December 05, 2015, Kitchener, Ontario
Posted by: Robert Deutschmann, Personal Injury Lawyer
On appeal from the judgment of Justice Marc A. Garson of the Superior Court of Justice, dated January 7, 2015.
Mr. Dube worked for Windsor Essex Community Housing Corporation. In May 2010 he was injured in a car accident, and since then has not returned to work. His employer had a group insurance policy with RBC which provided employees with long term disability benefits. Mr. Dube failed to give notice or proof of his claim within the policy time limits, and when RBC denied the claim Mr. Dube started action against them.
RBC countered with a motion for summary judgment to dismiss the action since Mr. Dube made his claim late. The motion judge refused to dismiss the action and exercised discretionary powers to entitle Mr. Dube relief from the forfeiture of his claim under s. 98 of the Courts of Justice Act. RBC appealed that determination on the basis the judge erred. A single question was to be addressed. Did the motion judge exercise his discretion unreasonably in his application of the three-part test for relief from forfeiture under s. 98?
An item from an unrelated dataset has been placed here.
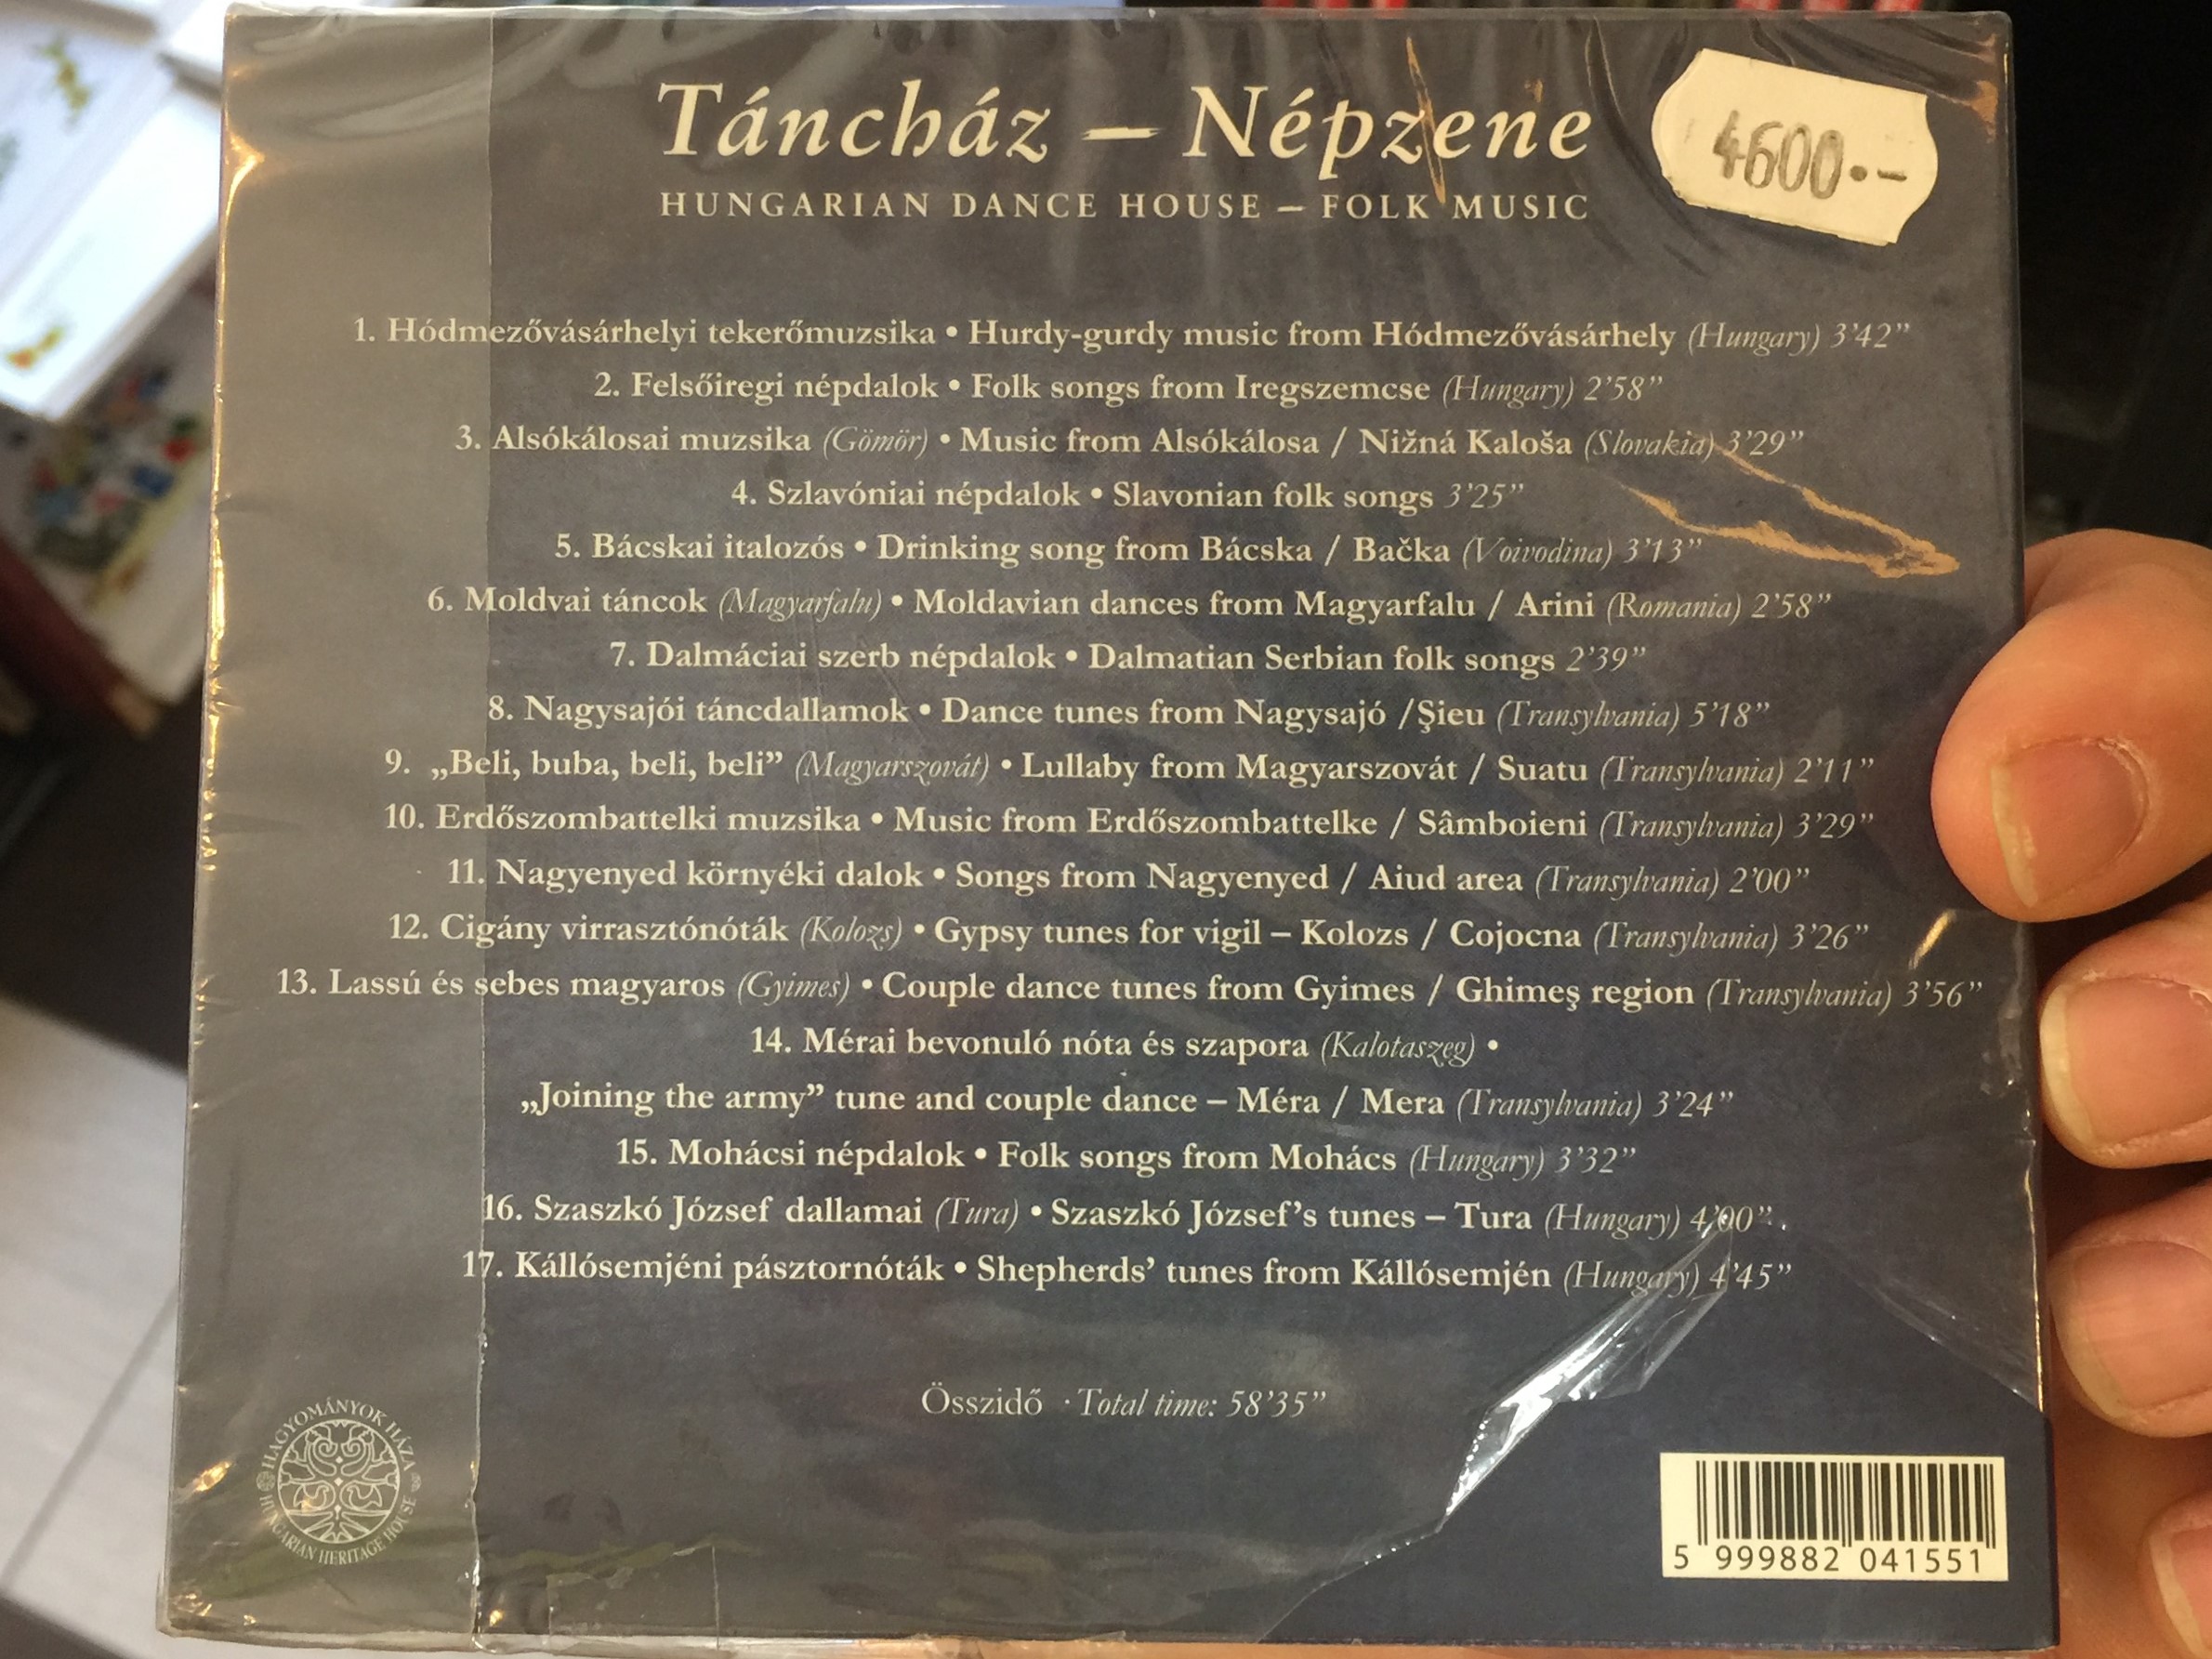 t-nch-z-n-pzene-2013-hungarian-dance-house-folk-music-hagyom-nyok-h-za-audio-cd-2013-5999882041551-2-.jpg

RBC argued that given Mr. Dube injured himself in May 2010, he ought to have given notice of his claim within 30 days of the accident, and submitted proof of the claim not later than 1 year and 90 days after his claim arose. RBC maintains that it was prejudiced because of its inability to intervene and make its own assessments of Mr. Dube’s condition and requirements for rehabilitation.
The Appeal Court reviewed s. 98 of the Courts of Justice Act which states:
A court may grant relief against penalties and forfeitures, on such terms as to compensation or otherwise as are considered just.
The test for relief is well established and has three components for the court to consider.
the conduct of the insured applicant
the gravity of the breach
the disparity between the value of the property forfeited and the damage caused by the breach
The motion judge found Mr. Dube’s conduct was ‘not unreasonable’ given his employer supplied him with incorrect information, confusing him about whether coverage existed, and noted that Mr. Dube has completed numerous requests for information. In the matter of the gravity of the breach, the motion judge noted RBC suffered minimal or no actual prejudice due to the breach. On the third point the motion judge found that due to Mr. Dube’s age (43) and the fact his LTD benefits were payable to 65 the disparity of the property forfeited and damage caused by the breach was large.
RBC accepts that the motion judge stated the test for relief correctly. But it submits that he misapplied the second component of the test, in that he failed to properly assess the gravity of the breach. RBC argued the motion judge erred by finding that the length of the breach was only six months and 17 days; and he erred in finding that the actual prejudice to RBC flowing from the breach was minimal or non-existent.
The appeal court judges determined that the motion judge misstated the length of the breach, but the critical question on this component of the test is whether RBC was prejudiced by the length of the breach. The appeal court judges were satisfied that the motion judge did not err in finding that the prejudice to RBC was minimal, and even if RBC incurred some prejudice because it could not conduct its own investigations and medical examinations at an early date, that prejudice was outweighed by the harm to Mr. Dube from his being unable to pursue his claim.
The appeal court judges concluded that the motion judge exercised his discretion reasonably in granting Mr. Dube relief from forfeiture, and dismissed the appeal with costs.